Thursday, November 9

Dennis Oppenheim review

My review of the recent temporary public-art exhibition of new work by Dennis Oppenheim has been published by the Brooklyn Rail. The work was deinstalled yesterday. I hope you were able to see it. Ace Gallery staged a miniretrospective in 2000 in its massive Hudson Street Street space, which was a real eye opener for someone like me who, until then, was only familiar with the artists late 1960s work. A lot of the work he does really makes me scratch my head, but his commitment to not creating an instantly recognizable body of work, unlike many of his peers, truly impresses me.

Friday, November 3

Couleur Café

It was a surprise to flip through the pages of the November Artforum and see a Top Ten list by the artist Fia Backström. I recognized her because she used to live across the street from me. I never see her anymore, so I guess she moved. I sometimes said hello because I saw her so often while hanging out on my stoop, but she didn’t have much to say back. Once I got a postcard addressed to her in my mailbox.
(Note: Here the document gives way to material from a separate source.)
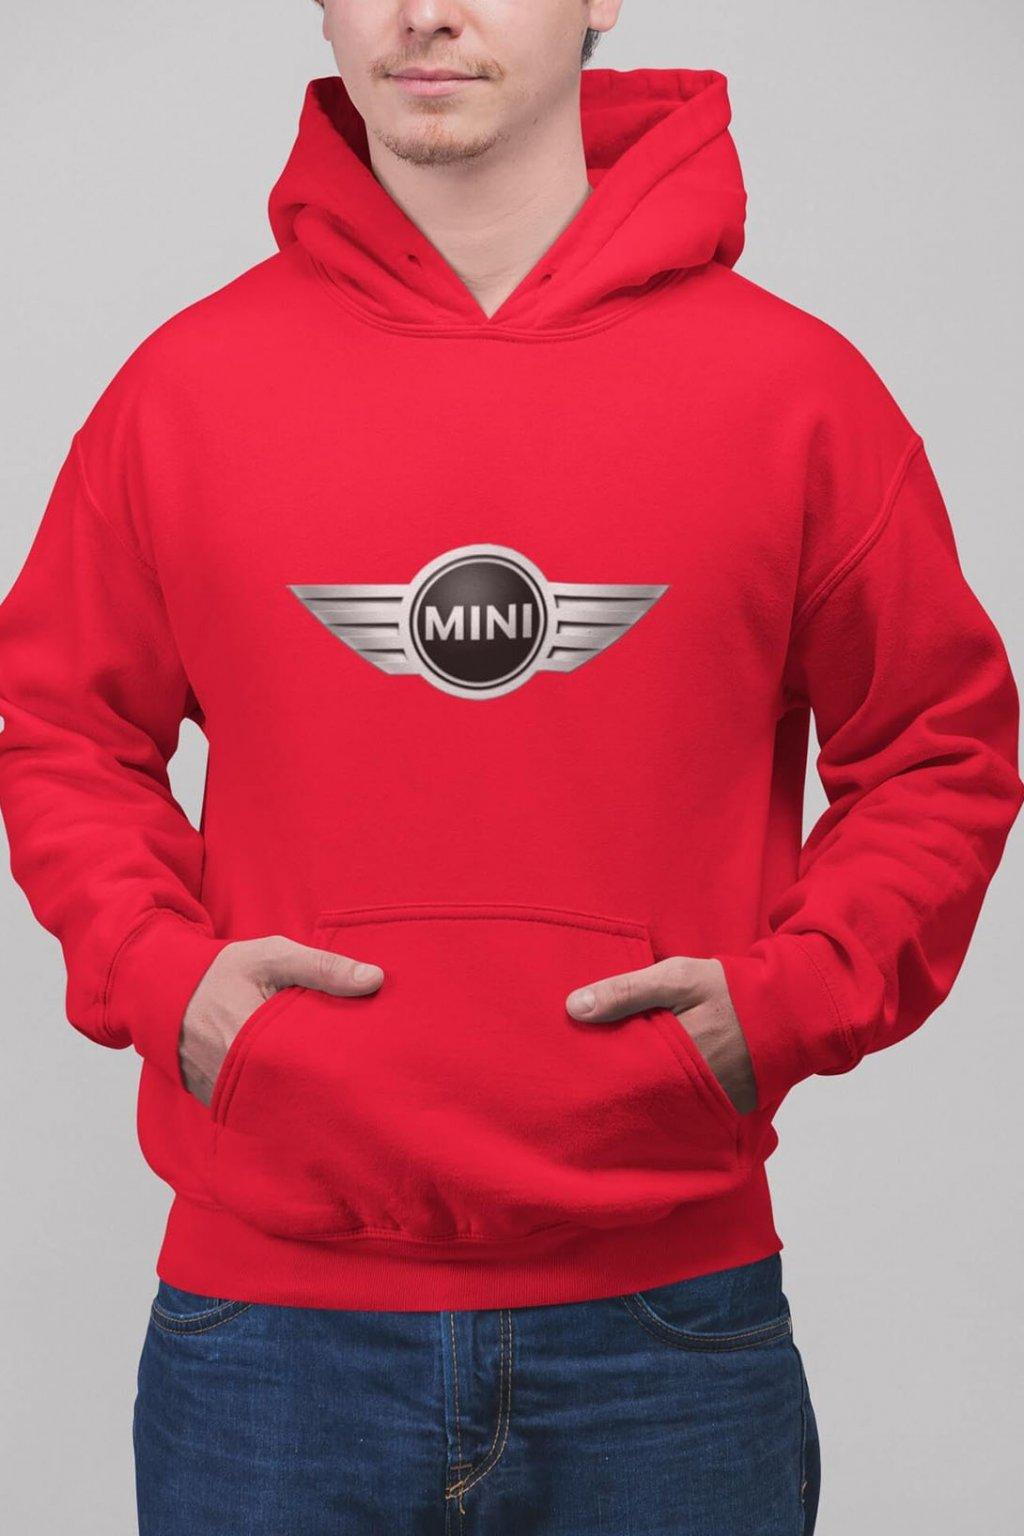 Pánska mikina s logom auta Mini

It was written in what I thought was Danish, but since she’s from Sweden I guess the language was Swedish. I took the card with me that same day when I walked to the subway, thinking I would run into her. A few blocks later I did. I gave her the card. Small world? Not really. Looking on her website I see that there were one-night and weekend art events at her apartment that I didn't know were going on. Sometimes my own backyard can be a foreign land.